We implemented this solution with Apache Traffic Server, customized to cache POST requests and the cache key.
This solution provides the following benefits:
- We speed up repeated requests by not performing the round trip from the proxy to the origin server.
- As a hosted solution, one user’s request speeds not only that user’s subsequent requests but also the requests from other users, provided that the cache is set to be shared across requests and that the header permits it.
- We save the bandwidth between the proxy and the origin server.
Here is a performance comparison of an API invocation deployed as a forward proxy and having a data transfer sum of 20 KB:
Variants of this solution can be used to cache the request or response or both at the forward proxy, reverse proxy, or both.
To get the full benefit, in this solution we deploy a forward proxy at the client end and a reverse proxy at the server end. The client sends the request to the forward proxy, and the proxy does a cache lookup. In the case of a cache miss, the forward proxy digests the body and sends only the digest to the reverse proxy. The reverse proxy looks for a match in the request cache and, if found, sends that request to the server. The difference is we don’t send the full request from the forward proxy to the reverse proxy.
The server sends the response to the reverse proxy, which digests the response and sends only the digest – not the full response (see Figure 3). Essentially, we are saving the POST data from being sent, at the cost of an additional round trip (of the digest key) if the result is a cache miss. In most networks, the RTT between the client and the forward proxy and between the server and the reverse proxy is negligible when compared to the RTT between the client and the server. This fact is because typically the forward proxy and the client are close to each other and in the same LAN; likewise, the reverse proxy and the server are close to each other and in the same LAN. The network latency is between the proxies, where data travels through the Internet.
Figure 3. Cache handshake
This solution can also be applied to just one proxy on either side, at the cost of client or server modification. In such cases, the client or server will have to send the digest instead of the whole body. With the two-proxy architecture, the client and server remain unchanged and, as a result, any HTTP client or server can be optimized.
POST requests typically are large in size. By not having the proxy send the whole request and the whole response, we not only save bandwidth but also save the response time involved in large requests and responses.
Although the savings might seem trivial at first glance, they are not so when it comes to real traffic loads. As we saw, even if the POST response is not cached, we still save bandwidth by not sending the payload. This solution gets even more interesting with distributed caches deployed within the network.
Here is a summary of the benefits of a cache-handshaking topology:
- The request payload travels to the reverse proxy only if there is a cache miss. As a result, both the RTT and bandwidth are improved. The same applies to the response.

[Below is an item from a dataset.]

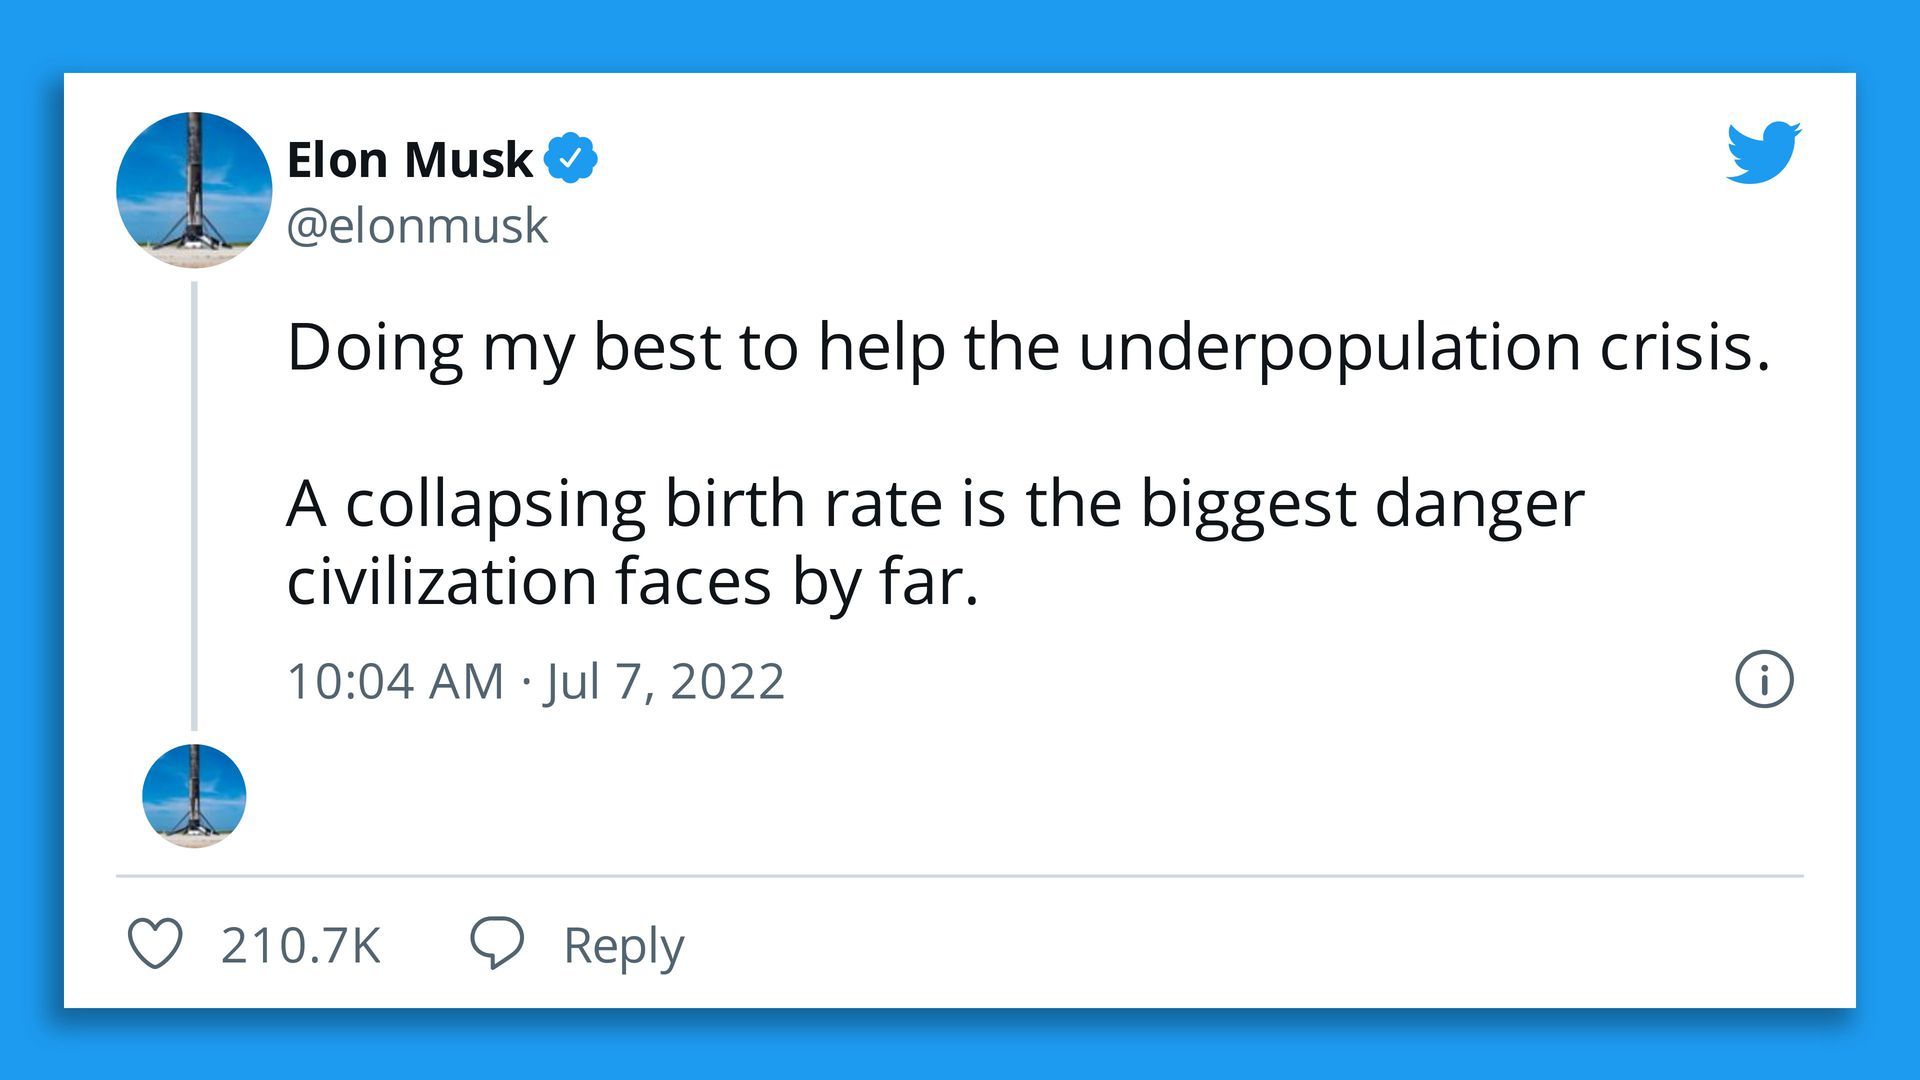 Elon Musk tweet saying "Doing my best to help the underpopulation crisis."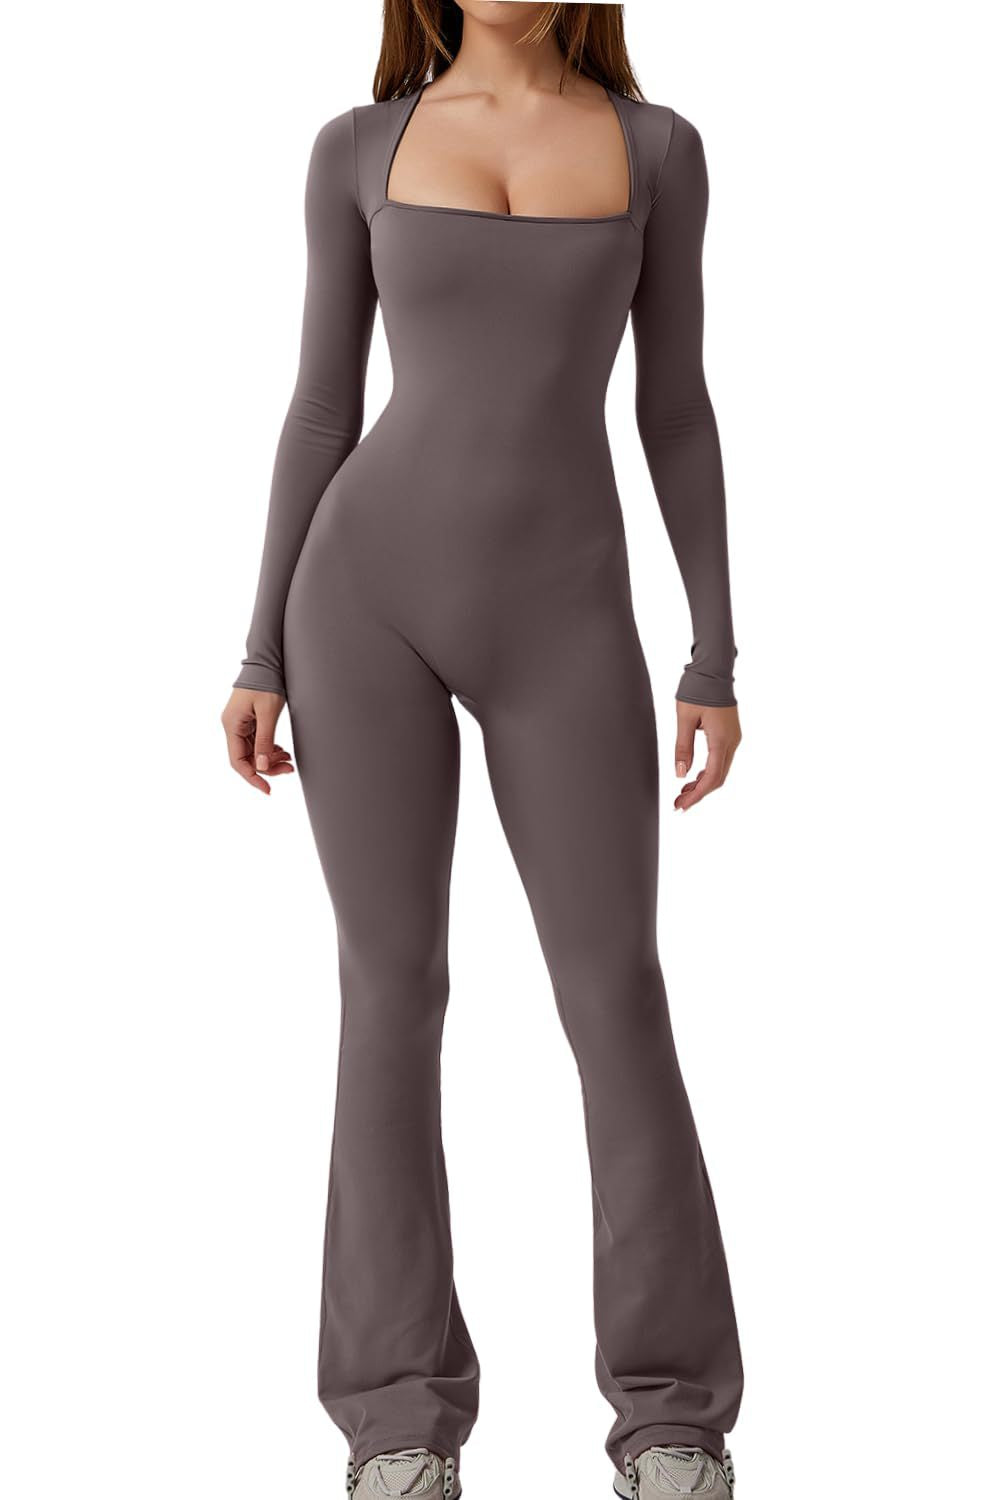 New Plus Size Spandex Long Sleeve Jumpsuit in Black - ShopperBoard

- As a hosted solution, one request will help save the other user requests travelling between the proxies.
- There is no technical debt involved. If you remove the proxies, you have a fully HTTP-compliant solution.
HTTP caching is not just for GET requests. By digesting the POST body, handling non-idempotent requests, and distinguishing between idempotent and non-idempotent requests, you can realize a substantial savings in round trips and bandwidth. For further savings, you can employ cache handshaking to send only the digest across the Internet—ideally, by implementing a forward proxy on the client side and a reverse proxy on the server side, but one proxy is sufficient to make a difference.